Arshavir Blackwell, PhD
Another major challenge is polysemanticity, or superposition—the phenomenon where a single neuron or attention head encodes multiple, often unrelated features. It’s like receiving overlapping signals through the same channel, where distinct concepts interfere with one another. Mechanistic interpretability tools such as sparse autoencoders can help separate these signals by disentangling the underlying feature space, but the process remains complex. Determining which features are active—and in what contexts—requires careful analysis. And when it comes to establishing causal relationships, the bar is even higher: demonstrating that editing or ablating a component truly causes a behavioral change demands rigorous experimental controls and becomes increasingly difficult as model scale grows.
Arshavir Blackwell, PhD
Let's walk through that Theresa May hallucination case. Suppose a model says, “Theresa May won the French election”—which, you know, is not true. An LLM-ology prompt variation might catch that the model’s confusing the office titles or nationalities. That signals to MI researcher: go hunt down the tangled circuits or neurons blending political geography with names. You take tools like causal scrubbing to verify, is this really where things break?
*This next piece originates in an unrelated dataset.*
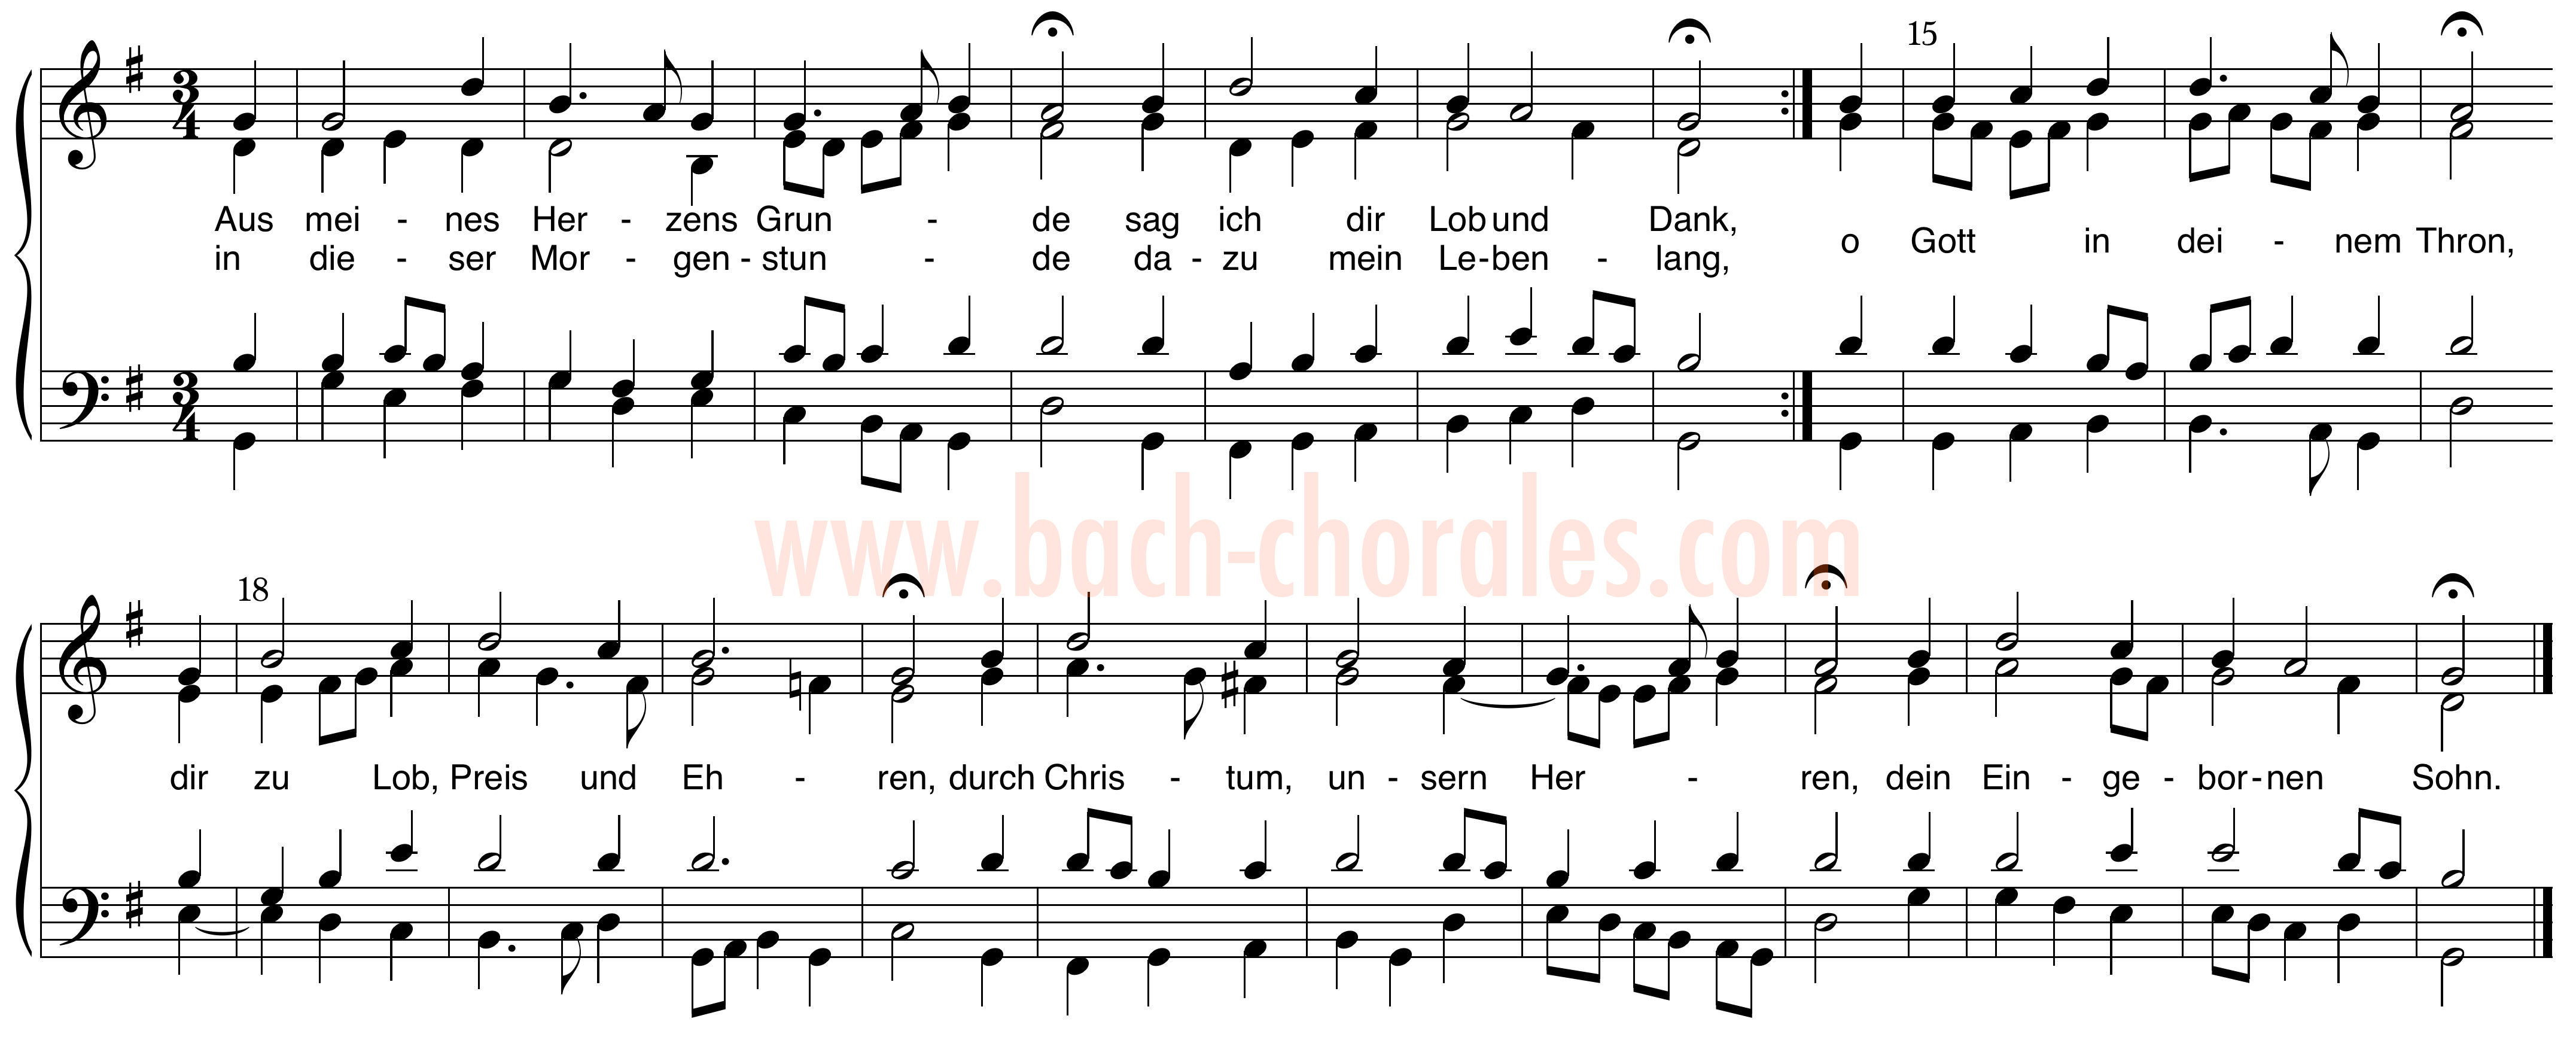 notenbeeld BWV 269 op https://www.bach-chorales.com/

With editing approaches like ROME or MEMIT, you don't have to retrain the model, you can surgically correct just that factual association—say, adjust the link for “Theresa May” and “France”—leaving everything else intact. Suddenly, a hallucination flagged by behavior can be traced, verified, and edited at the root, all with tools from both fields.
Arshavir Blackwell, PhD
That synergy might be the best shot we have at real transparency and control. MI can alert us to hidden biases or risky internal goals before they show up in public, while LLM-ology can spot when a model’s learned misleading patterns or is overly literal, for example. Both are essential for making these models trustworthy.
Arshavir Blackwell, PhD
The black box is still opaque, but these tools are making it less so—turning inscrutable matrices into something we can reason about, something almost familiar. We’re not all the way there, by any means, but every year, these tools get sharper. Because we appear to be heading in the direction of giving these systems more and more control over our lives, in areas such as medical diagnosis, scientific research, and even law and government, we must have a much better understanding of what these models are doing, and how we can fix them when they go astray. ...This has been Inside the Black Box. I'm Arshavir Blackwell.